>/. the machine
My daily driver is an old potato that most people would have thrown away years ago. Cost me £45 second hand (funds are scarce these days! lol) — I only added 2 memory sticks and an SSD that I had laying around from a previous rig. And this thing purrs like a kitten! Beautiful! Prrrrr! It does its job. I like it. It keeps me honest about performance and resource usage. This whole website and all my coding projects are being written on it!
cpu: Intel Core i5 750 @ 2.67GHz (2009)
gpu: NVIDIA GeForce GT 710
ram: 12GB
storage: ext4 on SSD
>/. the software
os: Alpine Linux v3.23 x86_64
kernel: Linux 6.18.13-0-lts
window manager: Sway (Wayland)
terminal: Foot
shell: Bash
editor: Helix
launcher: wofi
files: yazi
browser: Firefox
pdf reader: zathura
theme: Dracula — everywhere
font: JetBrains Mono Nerd Font
>/. why alpine
I came from Arch Linux. Before that, Fedora, Debian, Ubuntu. I was having some performance issues running Arch on this setup — no fault of Arch itself, it actually runs great on old hardware. But I needed a change, and Arch was getting in the way. Skill issues? Maybe... Either way, that's when I discovered Alpine Linux. Alpine is different — it uses musl libc instead of glibc, OpenRC instead of systemd, and strips everything to the absolute minimum. On old hardware like mine, that matters.

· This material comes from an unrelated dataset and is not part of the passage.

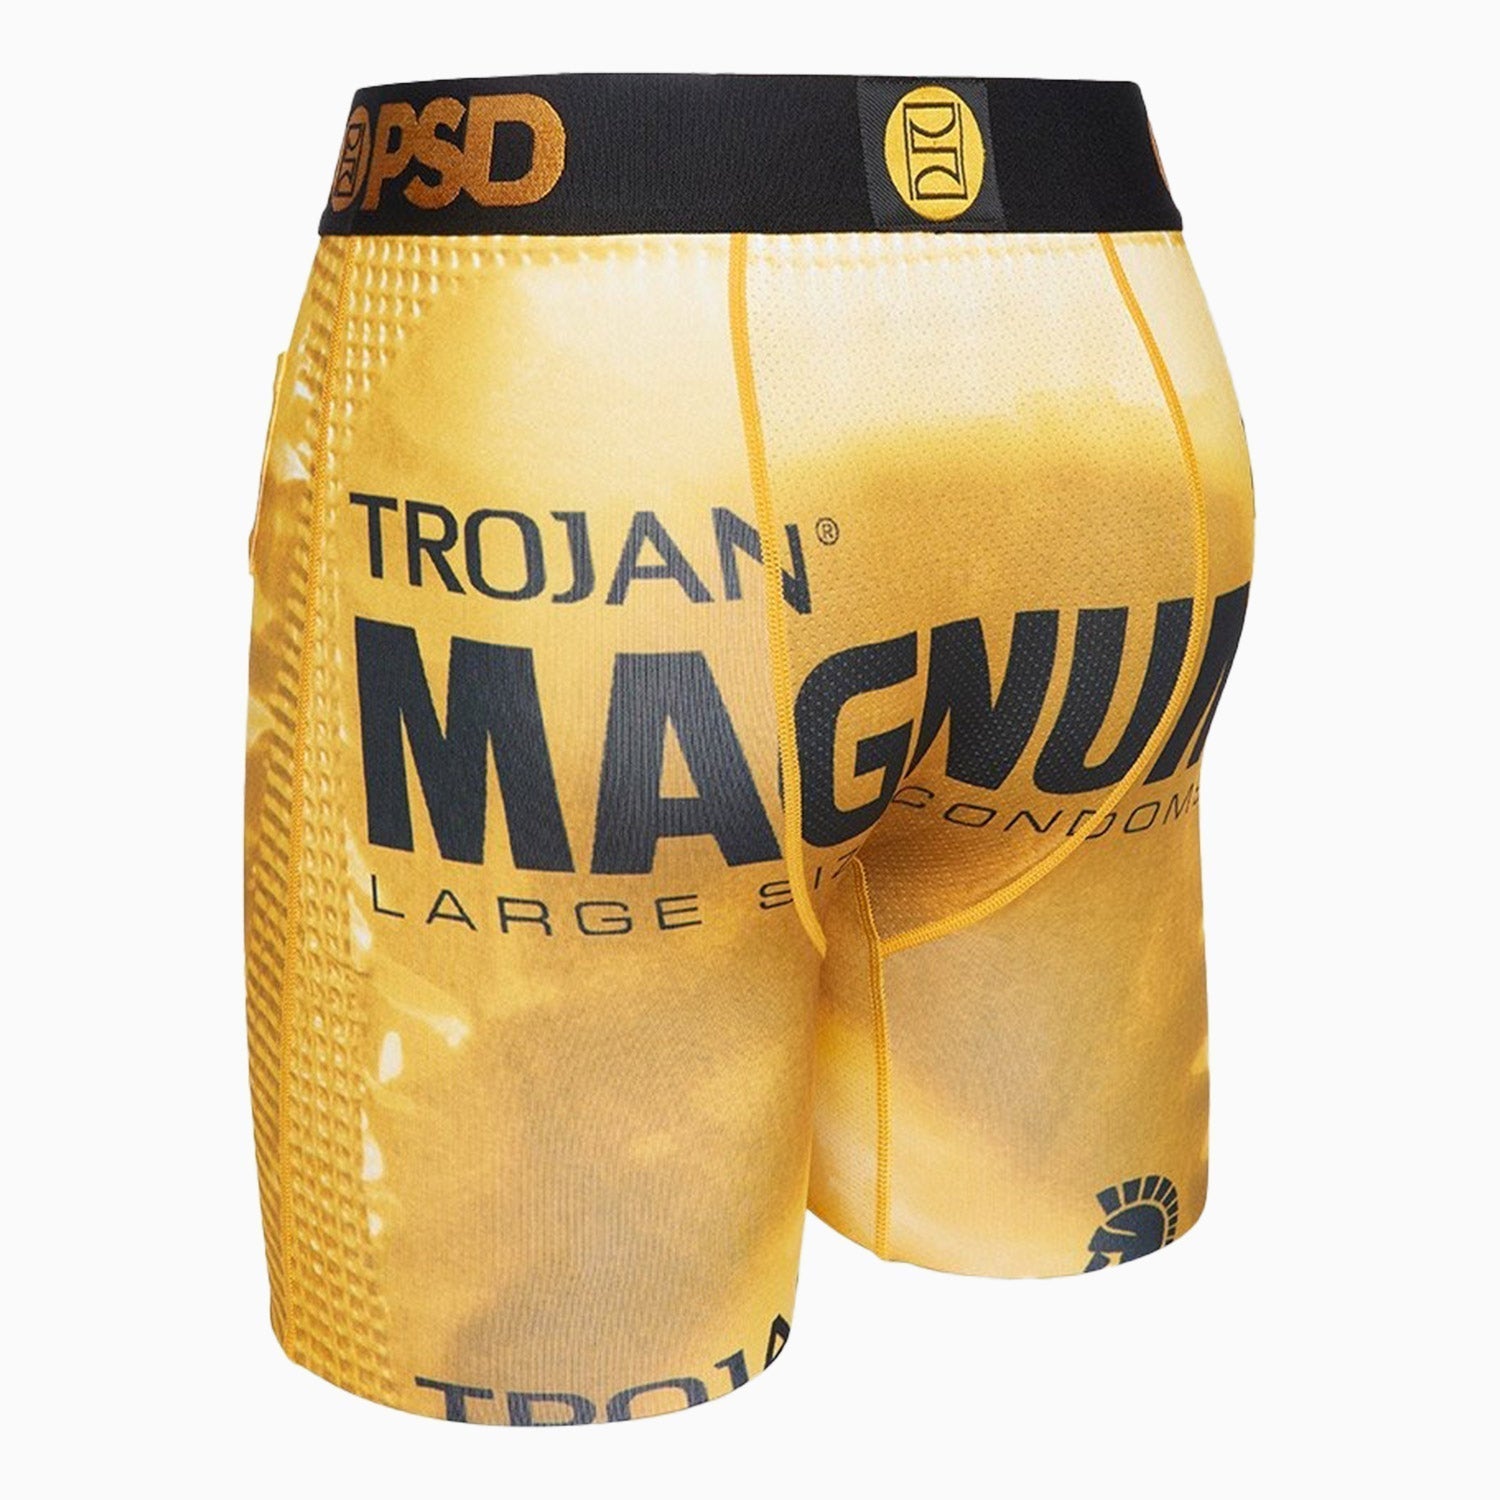 psd-underwear-mens-magnum-wrapper-boxers-421180021

It took some patience to get a full desktop running on it. Alpine's focus is containers and servers, not desktops. But once it clicked, it became the best Linux experience I've had. Fast, clean, honest. I love it!
>/. why helix
Helix is a terminal text editor inspired by Vim and Kakoune but with a fresh approach. It has LSP support built in, a great default config, and doesn't require a plugin ecosystem to be useful. I configured it with language servers for Go, Rust, Python, Bash, C, Lua, CSS and HTML. Helix was super easy to set up — I had my config running in probably less than an hour. It didn't get in my way, and even if the documentation isn't the most beginner-friendly, I understood it well enough to get everything running quickly with all the language support I needed. Simple to use, lightweight, and a great experience so far.
>/. dotfiles
All my configuration files are backed up on Codeberg. If you want to use any of them as a starting point, feel free (coming soon — will be public shortly).